This paper presents an architectural view of the design and gives examples of its tremendous versatility. It also addresses the evolution of analog DSP data acquisition systems in general and emphasizes the advantages and tradeoffs between today’s approaches versus older heritage methods.

Table of Contents

1. Introduction

2. architectural Overview

3. Example implementations

4. heritage techniques vs. high speed digitization

5. conclusion

1. introduction

THE NEED FOR HIGH-SPEED, MULTI-CHANNEL ANALOG DATA ACQUISITIONING SYSTEMS CAPABLE OF PERFORMING DSP FUNCTIONS AND EMPLOYING ANALOG SHAPING IS WIDESPREAD FOR SPACECRAFT AND INSTRUMENT COMPUTERS. INSTRUMENT APPLICATIONS FOR THIS TYPE OF A SYSTEM CAN RANGE FROM A HIGH-ENERGY OR OTHER TYPE OF ANALOG DETECTOR PULSE, TO A VIDEO INPUT, TO SOUND INFORMATION. IN GENERAL, THIS ARCHITECTURE IS APPLICABLE TO ANY TYPE OF INSTRUMENT WHOSE OUTPUT IS AN ANALOG WAVEFORM WHERE THE SCIENCE IS RELATED TO A CHARACTERISTIC OF THE ANALOG WAVEFORM, SUCH AS PULSE HEIGHT, RISE TIME, AND AREA OF THE PULSE. HISTORICALLY, THESE TYPES OF SYSTEMS WERE DESIGNED WITH MULTIPLEXERS TO SATISFY THE NEED FOR MULTIPLE CHANNELS, AND USED SLOW ANALOG TO DIGITAL CONVERTERS DUE TO PARTS UNAVAILABILITY FOR SPACE. BECAUSE OF THAT, THESE OLDER SYSTEMS WERE FORCED TO PERFORM ALL THE REQUIRED PROCESSING IN THE INITIAL ANALOG STAGE AND LATER IN A DSP CPU CALCULATION, REDUCING THROUGHPUT, RECONFIGURABILITY, AND ADDING OVERHEAD.

Southwest Research Institute’s answer to this problem is a new design architecture, which can easily be reconfigured for other analog data acquisitioning DSP applications.

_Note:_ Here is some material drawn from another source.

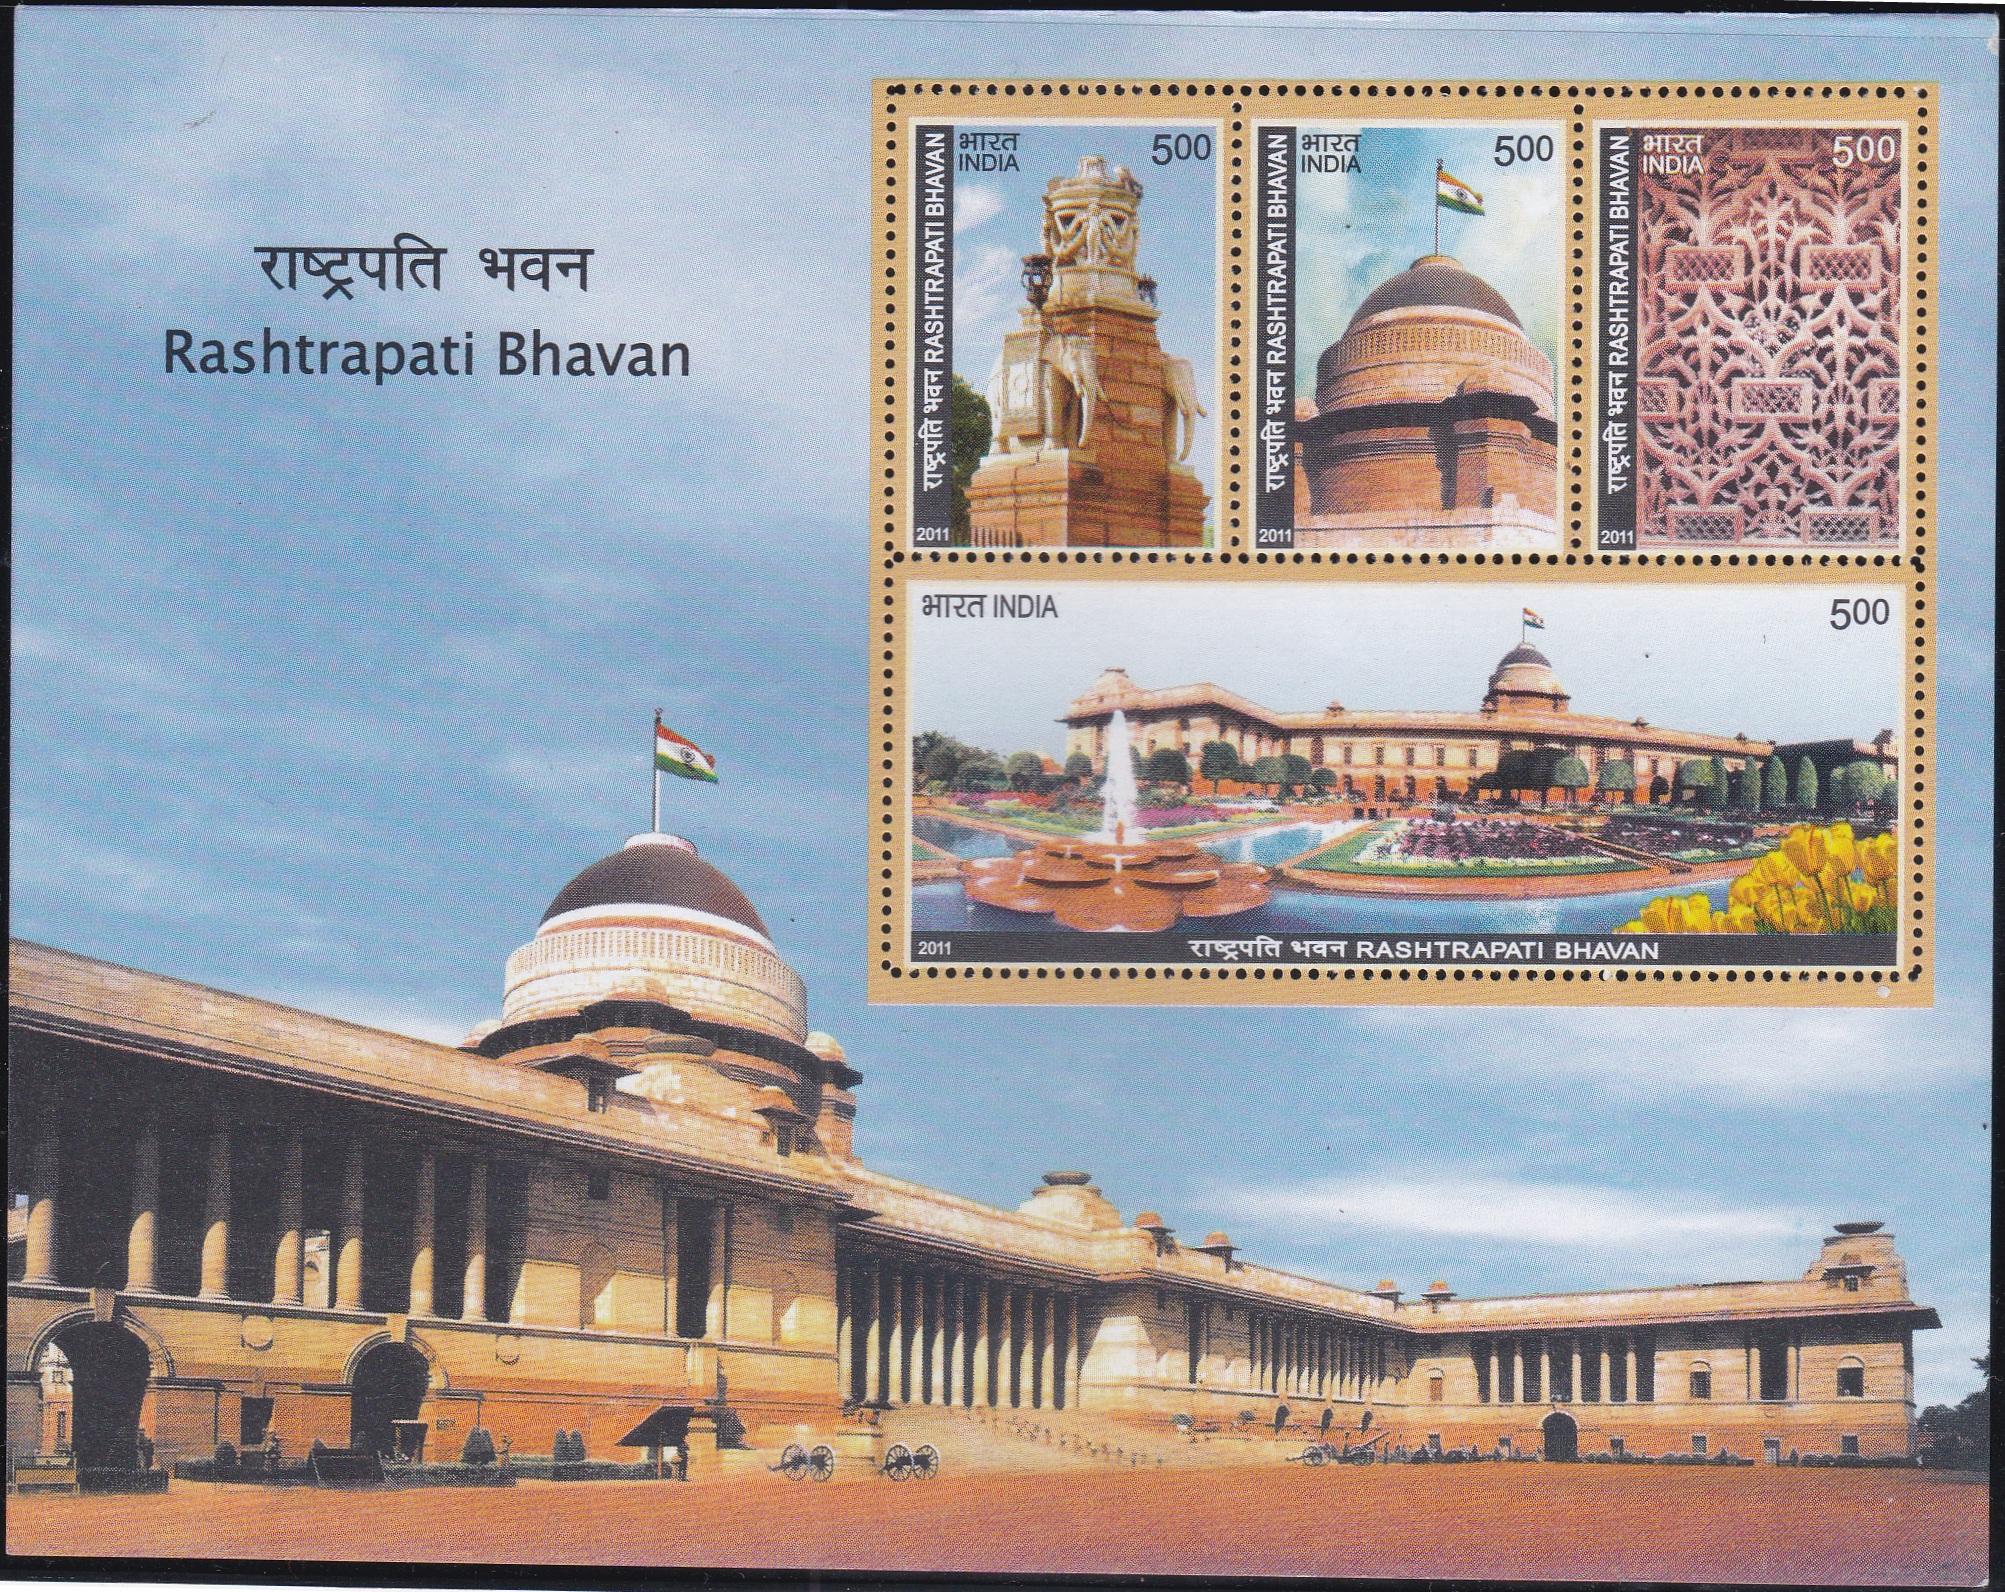 भारतीय राष्ट्रपति भवन

This architecture can perform low noise, high-speed, analog input processing with the ability to implement pulse shaping, real-time DSP of the digitized form of the analog input waveform, data compression, data formatting, and data throttling of the information to a multitude of data transmission interfaces, such as MIL-STD-1553B, SpaceWire, LVDS, and RS422 to name a few. One factor that has played a major roll in this new development is the availability of a high-speed, radiation tolerant ADC. The ADC chosen for this architecture is a flash-based, pipelined ADC with an integrated latch up protection ASIC. This ADC has speeds up to 10MSPS with single-ended and differential-ended input capabilities down to (20mV noise levels and 14-bit resolution.

2. Architectural overview

DETECTOR INTERFACE

The theory behind the DSP architecture developed by SwRI is very straightforward. The basic architectural flow is shown in Figure 1. The system accepts either single ended or differential analog inputs depending on the application. If redundancy is required, cross strapping can be implemented at this stage to feed the signals to redundant circuit boards. The accumulated pulses then pass through configurable signal conditioning circuitry, which perform functions such as pulse shaping, amplification, attenuation, and lowpass or bandpass filtering, in order to remove unwanted signals outside the bandwidth of interest and prevent aliasing. The conditioned analog signals are then distributed to a set of discrete 14-bit flash-based, pipelined ADCs for sampling. If the transmission rate is high enough ((10MSPS), each individual analog input can be equipped with a dedicated ADC for real-time conversion. If not, conditioned signals from several channels can be multiplexed together before being converted into digital (discrete) values. For input signal voltage protection, clipping diodes can be implemented at the signal conditioning input and at the ADC input in order to prevent the pulses from reaching harmful voltage levels.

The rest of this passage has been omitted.